The university is divided into three colleges: the College of Arts, Humanities, and Social Sciences; the College of Natural Resources and Sciences; and the College of Professional Studies. It offers 48 bachelor's degree programs, 12 master's degree programs, 61 minors, and 13 credential programs. Cal Poly Humboldt does not offer doctoral degrees.

In addition to the main campus, Cal Poly Humboldt has multiple off-campus facilities and education-related properties, including an ocean-side marine biology research center, a wildlife care facility, a public natural history museum, a public art gallery, a bay-side aquatics facility, a mountain-top astronomy observatory, an ocean-going marine research and teaching vessel (Coral Sea), and a demonstration forest (Arcata Community Forest).

History 

Humboldt State Normal School was established as a teacher's college on June 16, 1913, by then-California Governor, Hiram Johnson. It was named after the famous German scientist Alexander von Humboldt. The cities of Arcata and Eureka (and to a lesser extent Fortuna) competed with one another to host the new campus. Arcata eventually won the university when William Preston, and the Union Water company, donated 55-acres. It opened on April 6, 1914, in the former Arcata Grammar School building with 78 students and 5 faculty. On May 26, 1915, the first commencement of the first graduating class occurred, a class of 15 women. The first graduate awarded their degree in 1915 was local historian Susie Baker Fountain, who went on to catalog much of Humboldt County history from 1850 to 1966. Baker was a columnist for the Blue Lake Advocate and her extraordinary, lifelong collection of newspaper clippings and images are available for viewing in HSU Special Collections.

The school was put under the jurisdiction of the California Department of Education, renamed Humboldt State Teacher's College and Junior College, and moved to its current location in 1921. In 1924, during the presidency of Ralph Waldo Swetman, the Associated Students and the Alumni Association were organized and The Foghorn, the first student newspaper, was published.

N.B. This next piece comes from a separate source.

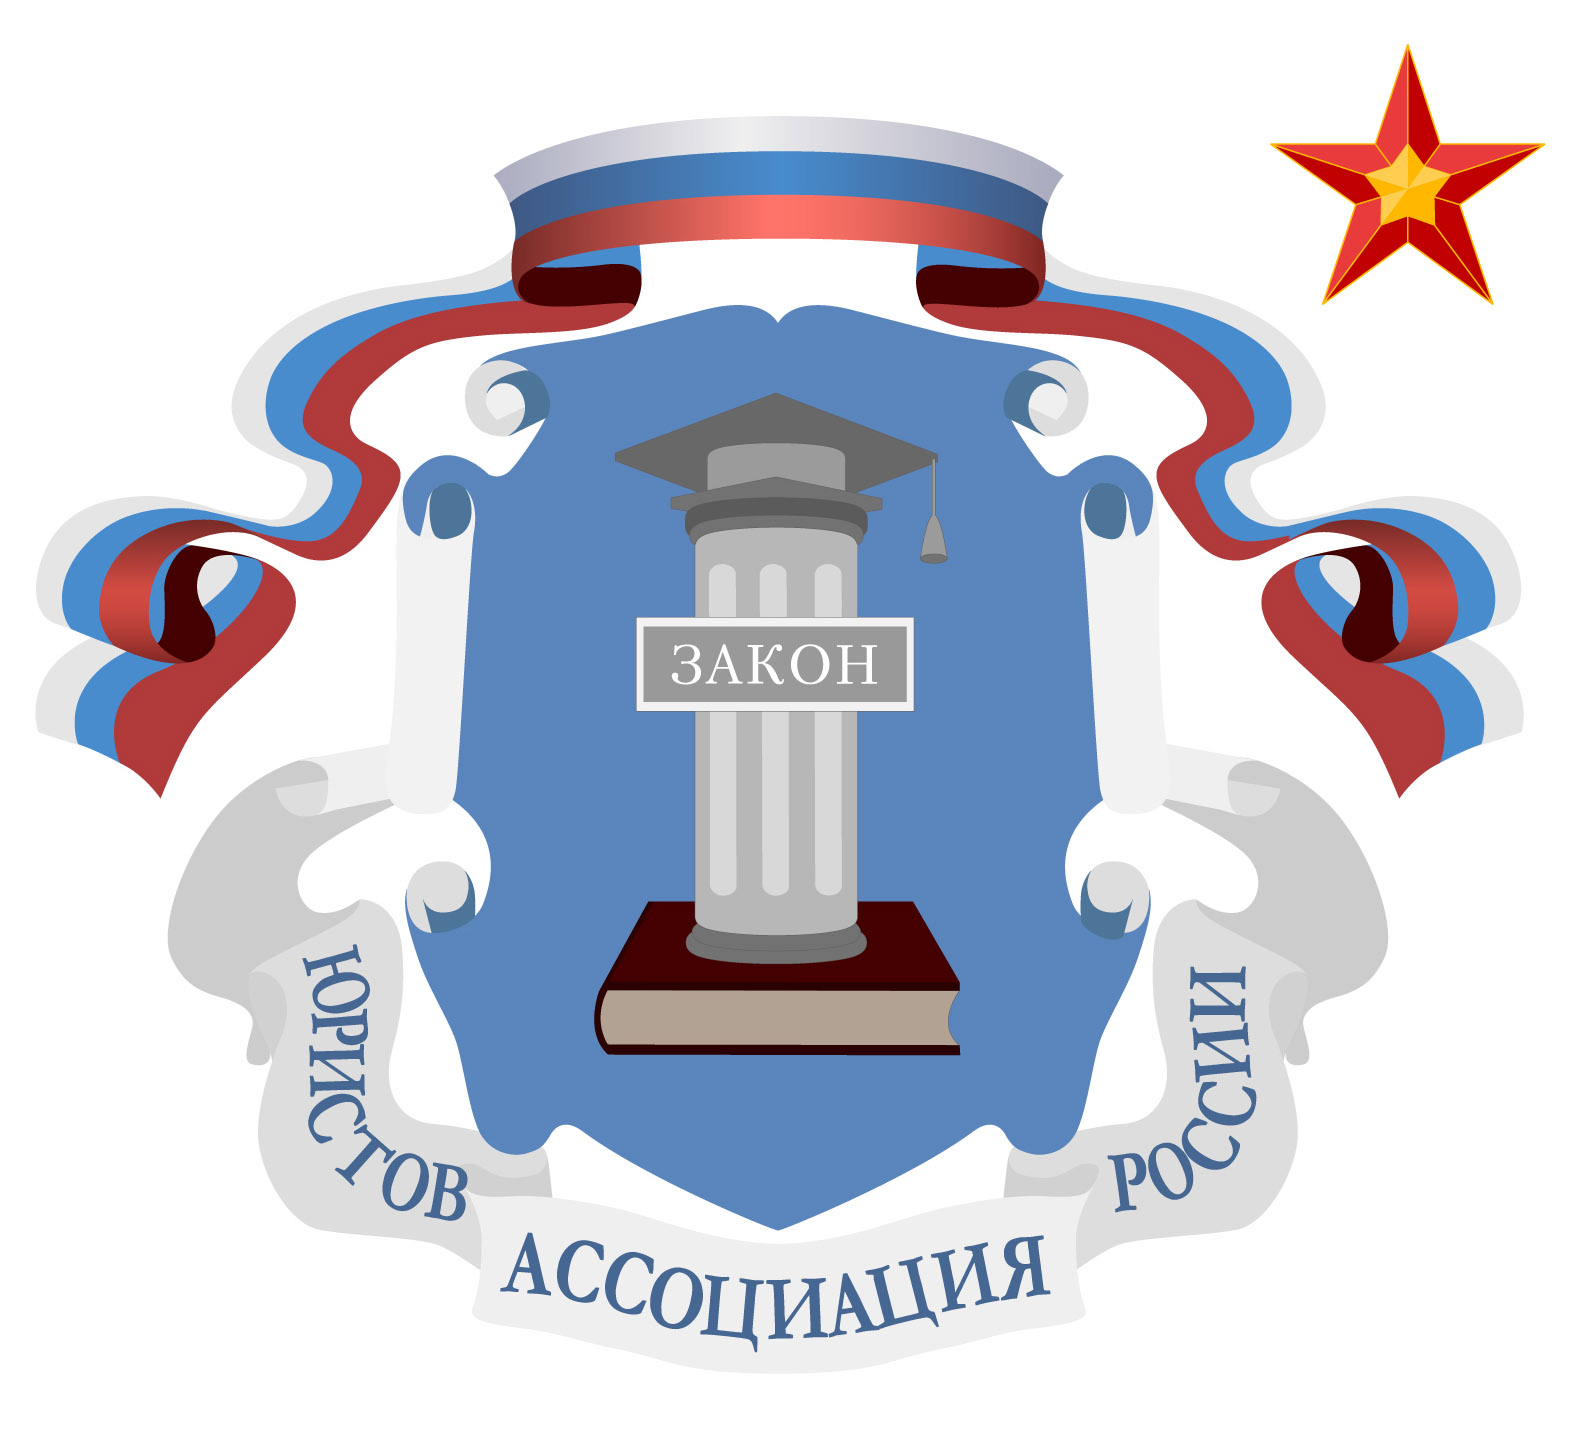 Московское отделение Ассоциации юристов России

Bachelor's degrees began being offered in 1927. The school was renamed Humboldt State College in 1935 and the next year the Lumberjack was adopted as its mascot. In 1937, the students opened a cooperative bookstore and soda fountain, which would exist for the next 40 years as the center of student life.

During World War II, Arcata's city defense council suggested camouflaging Founder's Hall, which is visible from the Pacific Ocean, so it would not be a target for Japanese submarines. The council made its request in 1942, but Founder's Hall was not painted until the spring of 1944. The building remained camouflage green until 1948. During WWII, President Arthur Gist corresponded back and forth with the hundreds of students who left Humboldt State College to serve in the war. Available for viewing in the Arthur Gist Letters at HSU Special Collections, there are over 1,000 letters from 365 servicemen and women writing to Gist for the duration of the war.

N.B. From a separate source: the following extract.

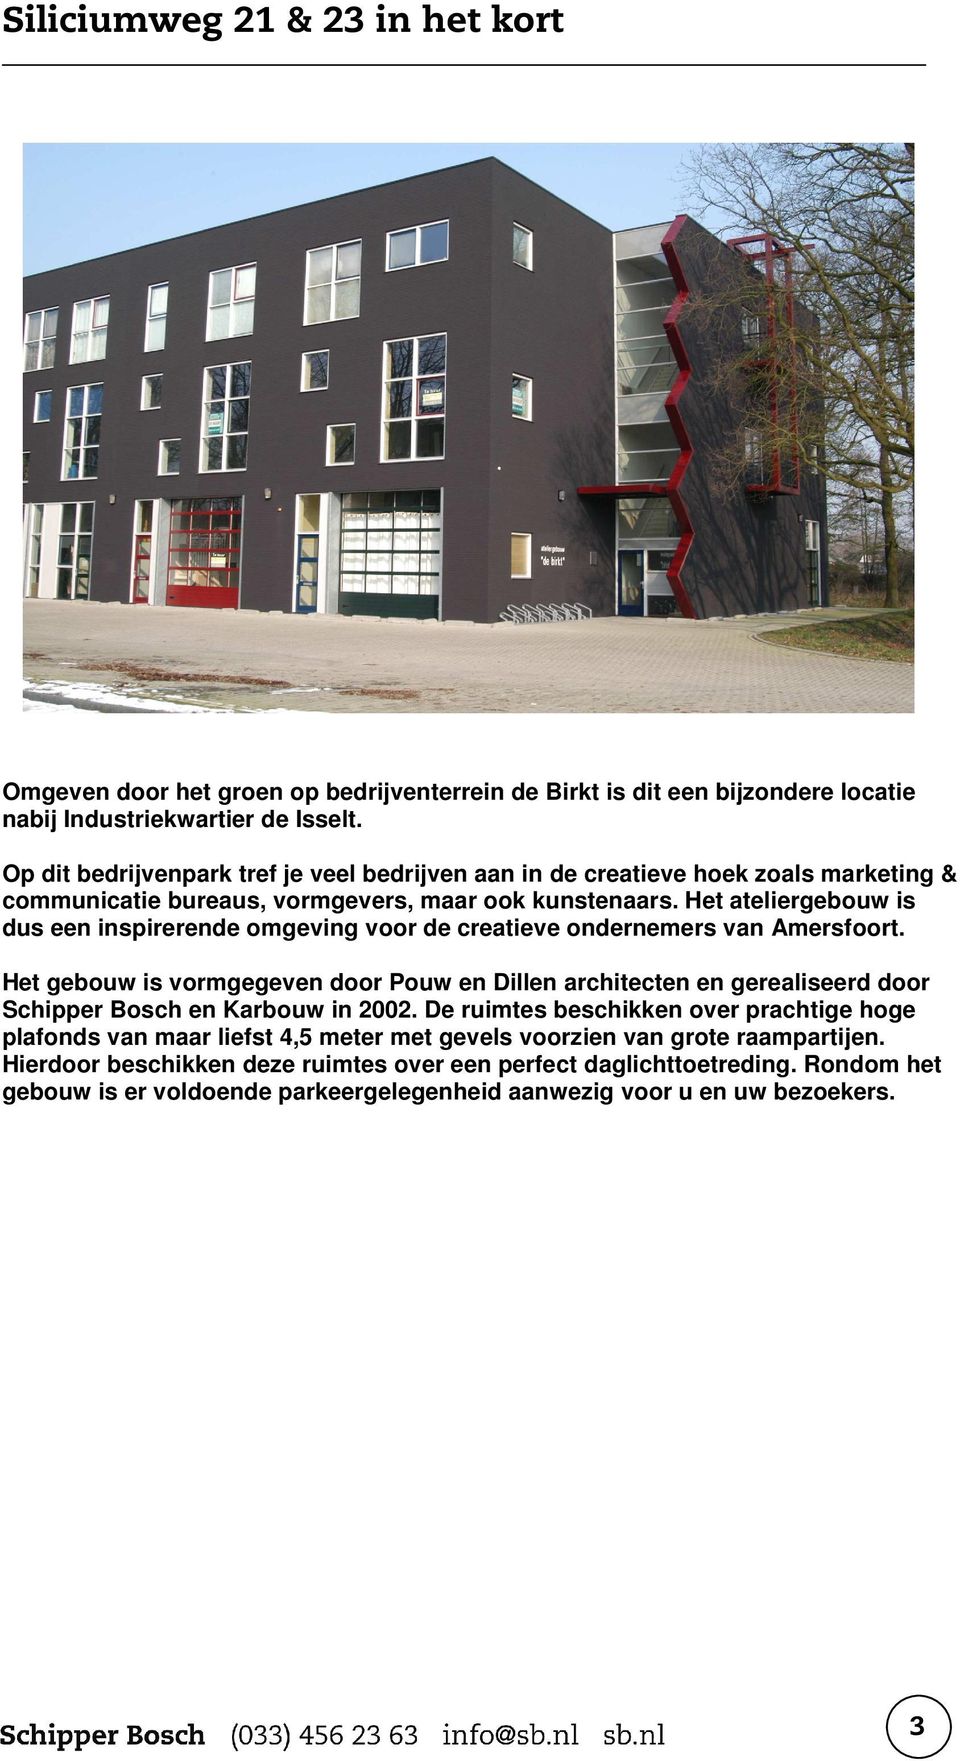 Het ateliergebouw is dus een inspirerende omgeving voor de creatieve ondernemers van Amersfoort.

Graduate programs began being offered in 1947. Under President Siemens in 1952, HSU continued expanding by accepting students from abroad, including some from Yugoslavia, Germany, the Near East as well as US territories such as Samoa, Guam and Hawaii. KHSC, later KHSU, the first state college radio station in California, was established. In 1960, the college joined the newly formed California State College system. The junior college program, terminated at HSU in 1962, was re-established in 1964 at College of the Redwoods (CR) located at the southern edge of Eureka. CR is located only seventeen miles south of HSU, and the two institutions maintain a close working relationship, with many students transferring to HSU following graduation from CR.

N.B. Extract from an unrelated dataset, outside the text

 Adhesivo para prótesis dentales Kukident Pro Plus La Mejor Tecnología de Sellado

Student activism on campus rose through the 1960s and early 1970s, peaking in a protest against the Vietnam War with about 800 students (out of 3,600) participating in demonstrations on October 15, 1969. This was followed by another protest with nearly 3,000 students who planned a strike after the Cambodian Incursion. With similar events across the state, Governor Reagan shut down the CSC system in May 1970 for 5 days. The 1970s also saw the rise of feminist, cultural, and LGBT groups, and though the Women's Center would be the only one to survive through the 1980s, most groups would reappear by the mid-1990s. The campus currently hosts a United Students Against Sweatshops group that is active in lobbying for ethical products and services on campus.

David Philips (HSU alum) established the Humboldt Film Festival in 1967. It is now one of the oldest student-run festivals in the world. In 1996 the annual Explorations in Afro-Cuban Dance and Drum workshop began being held on the campus every July. The workshop is the largest assemblage of Afro-Cuban folkloric masters in the United States, drawing students from across the country and around the world.

In 1972, the college was renamed California State University, Humboldt. However, it still continued to be popularly called "Humboldt State." Reflecting this, its name was simplified to Humboldt State University in 1974. Enrollment first reached 7,500 in 1974, and though it has increased to near 8,000 in years since, the university remains one of the smallest in the CSU system. Through the 1980s, mature students became a large part of Humboldt State's student body, and in 1986 40% of the students were over the age of 25. The number has since decreased to 30%.

In 1987 students and activists founded the optional Graduation Pledge of Social and Environmental Responsibility. The purpose of the Pledge is to encourage graduating students to be mindful of the social and environmental impacts of their employment as they enter the workforce or continue their education. Today over one hundred Universities and colleges worldwide use the Pledge to some extent.

Name 
The university was originally named after the famous German scientist Alexander von Humboldt and was founded as Humboldt State Normal College in 1913. The university held that name from 1935 when it was renamed Humboldt State College.

On May 23, 1972, fourteen of the nineteen CSU campuses were renamed to "California State University," followed by a comma and then their geographic designation.  The five campuses exempted from renaming were the five newest state colleges created during the 1960s.  The new names were very unpopular at certain campuses.  Over Dumke's objections, state assemblyman Alfred E. Alquist proposed a bill that would rename the San Jose campus back to San Jose State. A few years later, some other CSU campuses, alongside the Humboldt campus, also secured passage of similar legislation, and California State University, Humboldt was renamed Humboldt State University from 1974 until 2022.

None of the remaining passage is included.